In less than a month crude oil, which some saw hitting $200 a barrel by year-end, has plunged $32 but a rebound could happen, for example, over the Iranian nuclear crisis, analysts say. From a record-high $147.27 on July 11, the New York futures contract slid to about $115 on Friday, losing almost 22 per cent in the course of four weeks.

In its wake, most other commodity prices, which were driven higher by the oil market surge, have fallen from their peaks.

An ounce of gold has dropped to $800 from $1,000; farm commodity prices are between 25pc and 40pc lower and petrol prices have dropped about 6pc.

“Oil is at a tipping point. It is an exaggeration to cry that a bubble has burst. It is a break, Oil market was not in a bubble.”

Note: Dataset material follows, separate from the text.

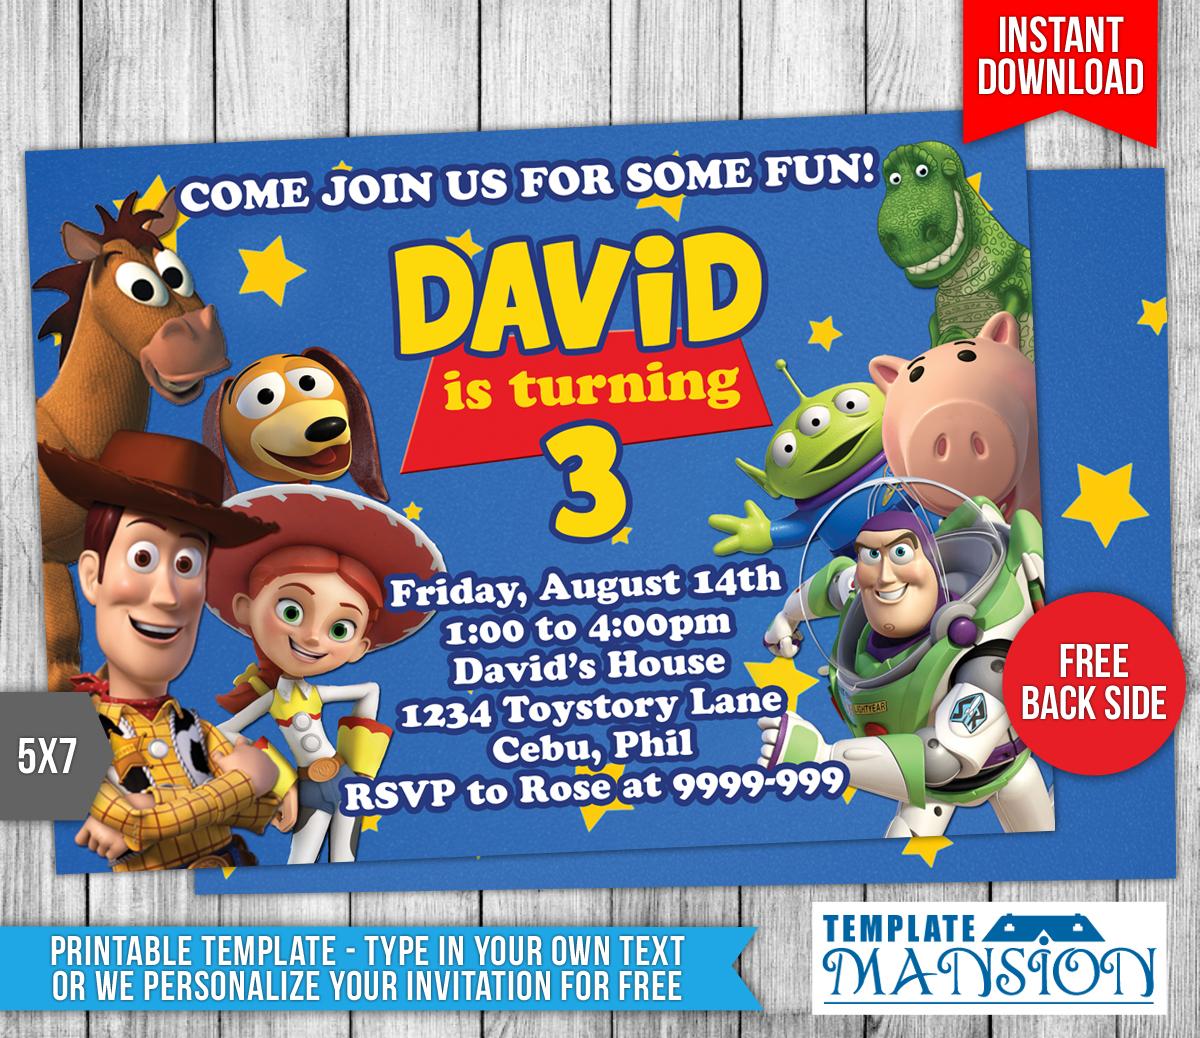 Toy Story Birthday Invitation 1 By Templatemansion On DeviantArt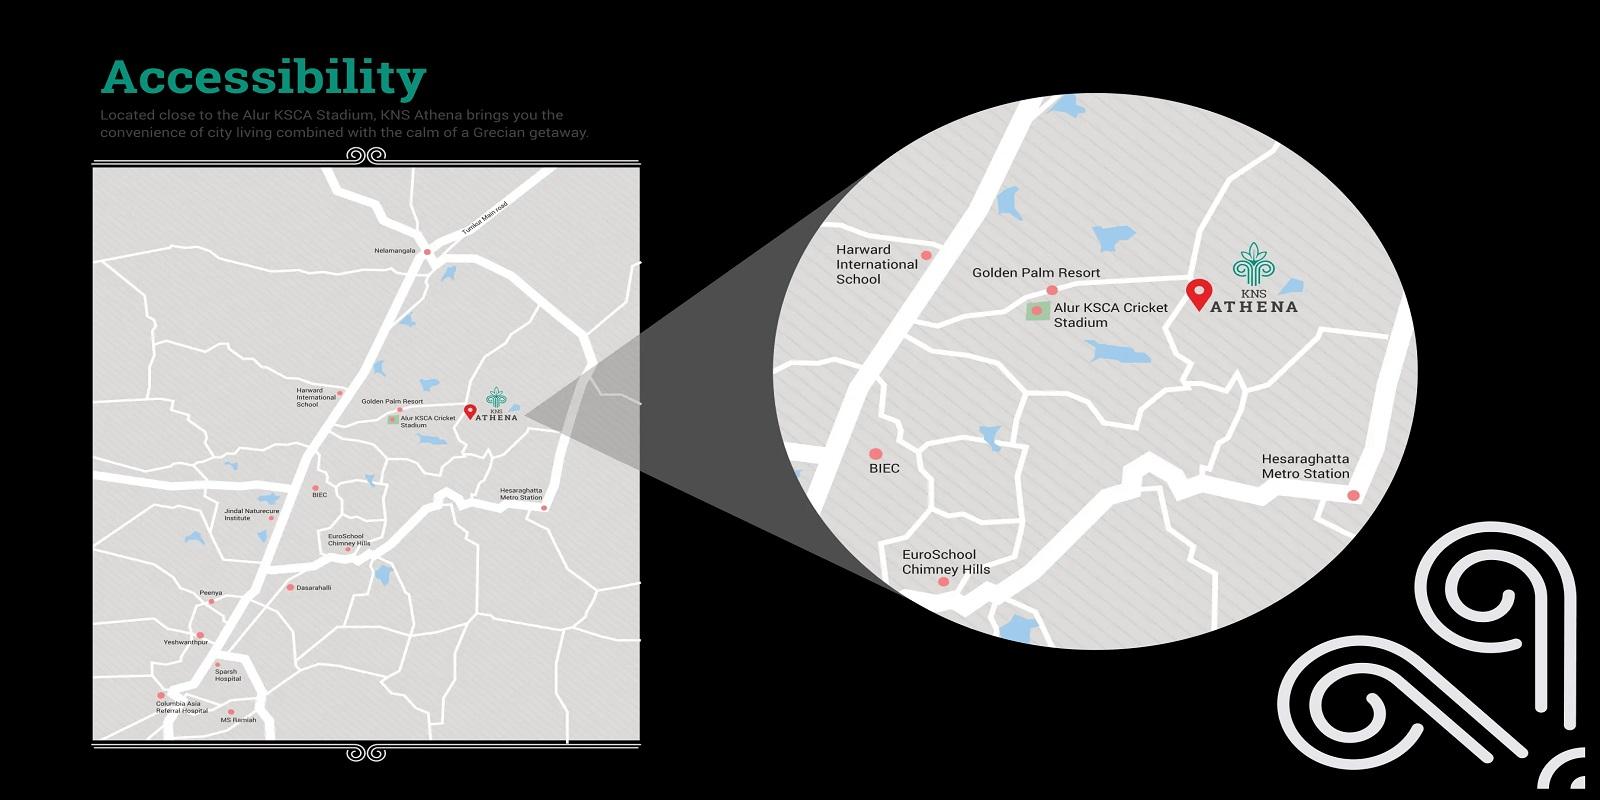 neelanchanl kns athena project location image1

For James Williams at WTRG Energy, the law of supply and demand reins.

“The market is simple reflecting the fundamentals of supply and demand. Markets participants are considering the world slowdown, the deterioration in expectations for the growth worldwide,” Williams said.

The slowdown in economic growth has a significant impact on energy consumption, analysts say.

A case in point is US drivers, known as huge consumers of petrol, drove a third less in May compared with a year ago. Motor fuel consumption fell more than 2pc.

This trend is expected to extend to the emerging market countries where the increasing weakening of fuel subsidies is going to force consumers to fill up their tanks less.

By contrast, petroleum inventories which had slumped early in the year, are rebuilding. The world’s largest energy consumer, the US, has witnessed an increase in its crude oil reserves in recent weeks.

“When investors realised how much demand was increasing, they bid up prices. and when they realised how much inflation was increasing … they bid up prices further.”

“Now growth rates are declining throughout the world, the market overreacts to that, too”.

Swept up in the record run-up of oil prices, analysts had revised upward their this year’s price forecasts, with some talking about $200 a barrel in the next six months.

Those scenarios, disastrous for the world economy, have been replaced by a more modest range: between $80 and $110 a barrel at the end of the year. But a return to the forefront of problems with energy supplies could once again send prices skyward, analysts warn.

They point notably to the escalating tensions between the US and Iran over Tehran’s nuclear program, which could threaten overstretched global supplies, Antoine Halff of Newedge Group says.

Iran, the second-largest oil producer in Opec, has warned that it would shut the Strait of Hormuz, where 40pc of the world’s oil exports transit, if its interests are threatened.

The explosion of growth in the Chinese and Indian economies and a rebound in growth in the industrialized countries in 2009 could also stoke demand, pushing up prices.

“You should convince millions of Chinese and Indians, who are willing to live an American way of life, that they don’t have to buy cars, they don’t need (a) fridge,” MF Global’s John Kilduff joked.